4) il d.l. 13 agosto 2011, n. 138, convertito in legge 14 settembre 2011, n. 148, con riferimento al ridimensionamento degli organi dei Comuni (art. 16, comma 17)5, all’obbligo per i Comuni fino a 1.000 abitanti di esercitare in forma associata tutte le funzioni e tutti i servizi ad essi spettanti ex lege, prevedendo a tal fine una forma di Unione di Comuni speciale, derogatoria rispetto alle norme del TUEL (cfr. art. 16);

5) il d.l. 6 dicembre 2011, n. 201 di rilievo per la disciplina delle Province6, il d.l. 6 luglio 2012, n. 95, convertito in legge 7 agosto 2012, n. 135, con riferimento all’esercizio in forma associata (art. 19) di tutte le funzioni da parte dei Comuni inferiori ai 1.000 abitanti e di quelle fondamentali da parte dei Comuni di dimensioni inferiori ai 5.000 abitanti e di 3.000 abitanti in zone montane, solo tramite Unioni e convenzioni.

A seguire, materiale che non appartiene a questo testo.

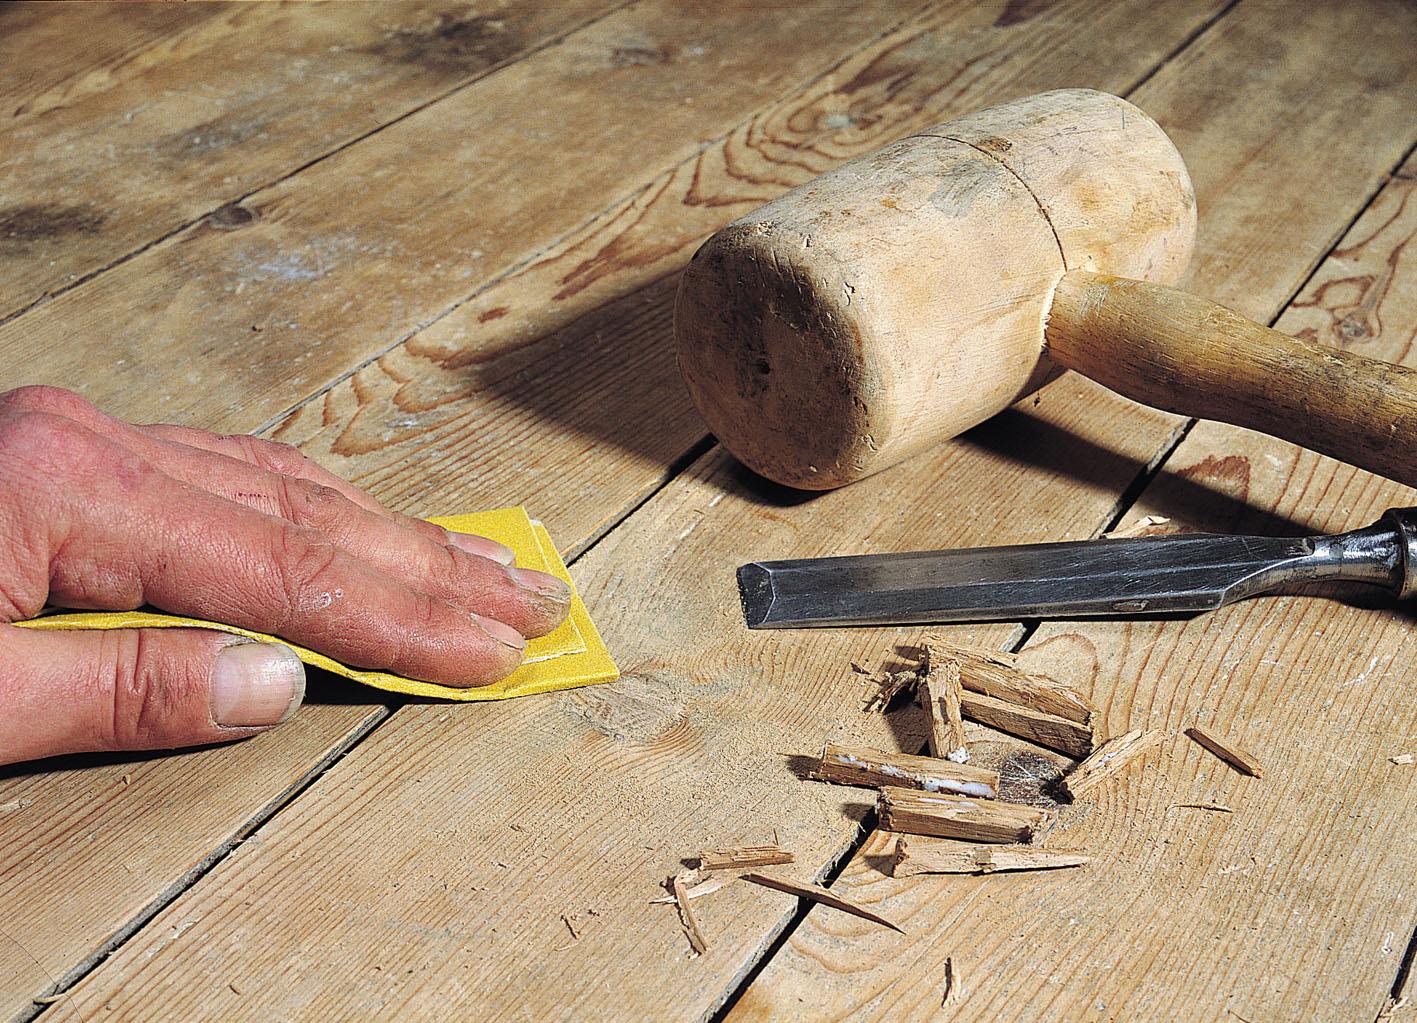 Шпаклёвка деревянного пола своими руками

Le sentenze della Corte cost. n. 151/2012 e n. 220/2013 sono poi intervenute su molte disposizioni dei menzionati d.l. 138/2011, d.l. 201/2011 e d.l. 95/2012, travolgendone molte norme, tra le quali quelle relative alla previsione delle Unioni di Comuni ex art. 16 del d.l. 138/2011 ed alle Province7.

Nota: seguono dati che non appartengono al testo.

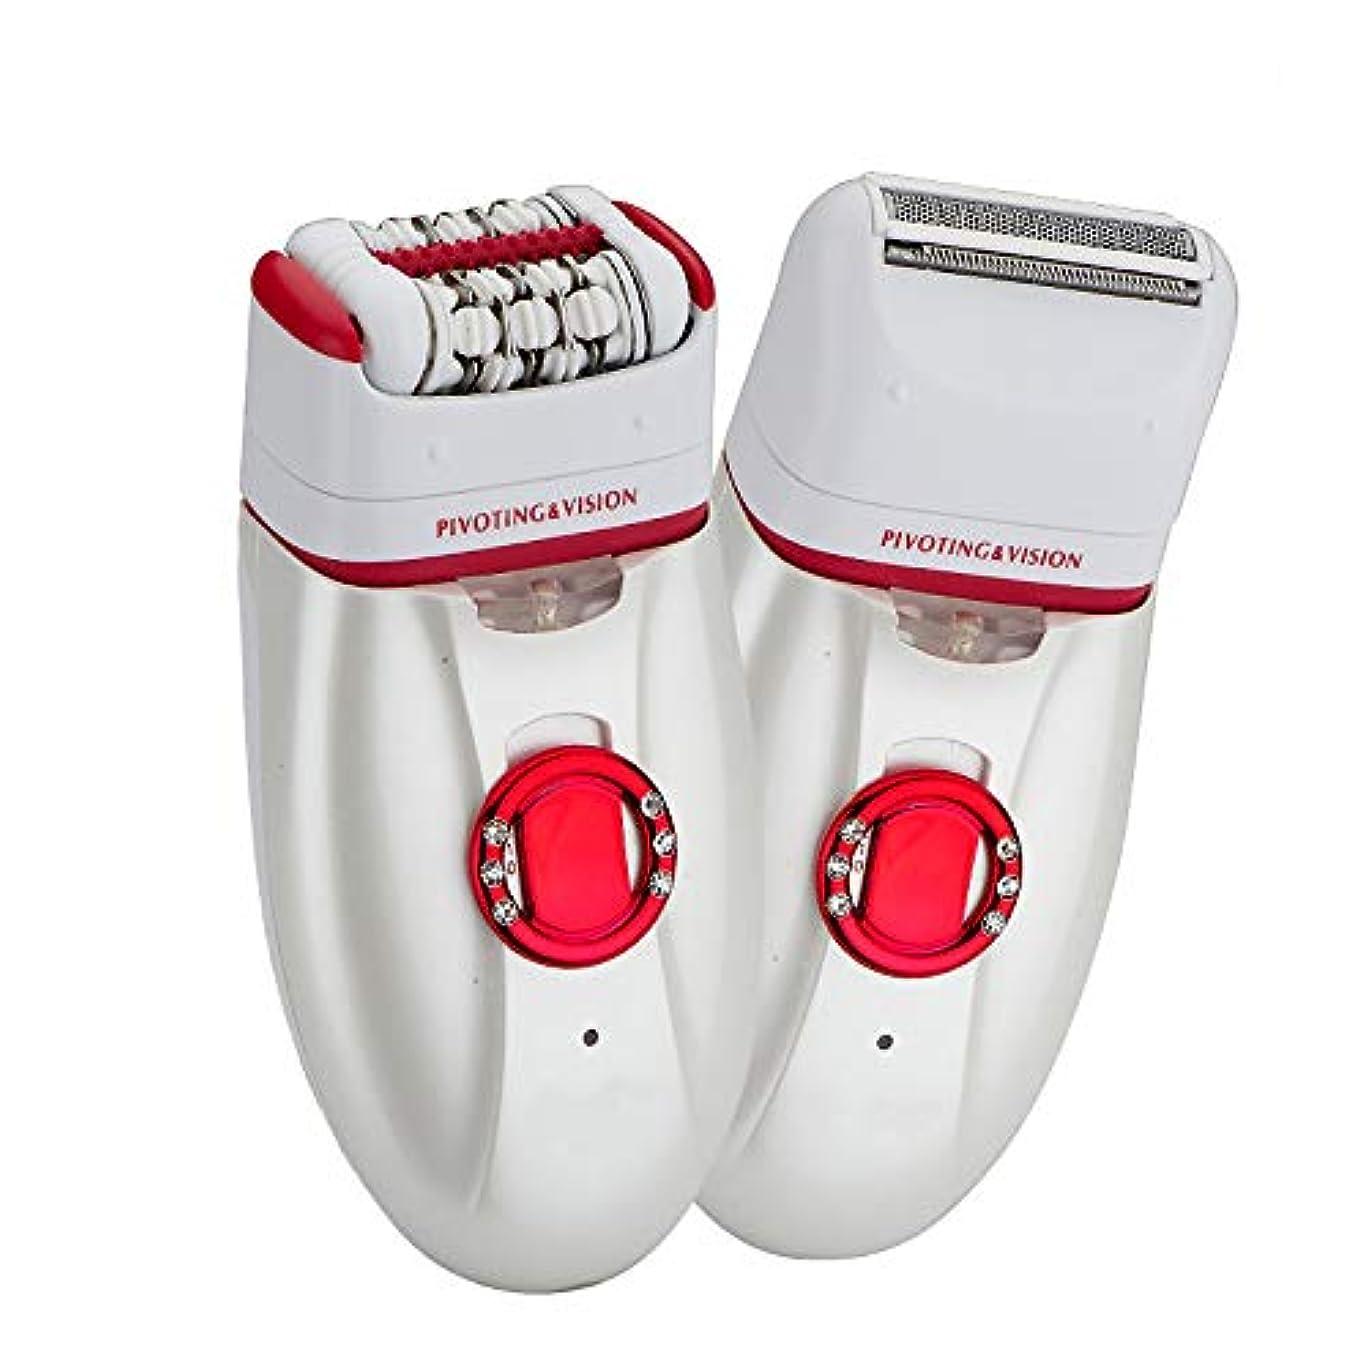 事業内容不均一書誌2-in-1メス電動除毛器、充電式カミソリ、2スピード調整、LEDライト付き、全身部分に使用可能

In questo contesto di legislazione della crisi, viene infine approvata la legge 7 aprile 2014, n. 56, relativa a città metropolitane, province, unioni e fusioni di comuni. La legge, nota anche come “legge Delrio” muove, per quanto attiene alla disciplina delle Unioni e delle fusioni, dal fine di semplificare e modernizzare la mappa amministrativa locale, mirando ad un ulteriore rafforzamento delle Unioni ad al sostegno alle fusioni (sia diretto, poi confermato in molteplici provvedimenti statali attributivi di cospicue risorse, sia indiretto, cioè fondato su forme di incentivazione non economica, principalmente incidenti sull’autonomia organizzativa e tributaria del nuovo comune istituito). L’art. 1, comma 130, della l. 56/2014 introduce a livello nazionale anche la fusione per incorporazione, peraltro già presente in alcune normative regionali. Tali disposizioni risultano poi confermate anche dalla sentenza della Corte cost. n. 50/2015.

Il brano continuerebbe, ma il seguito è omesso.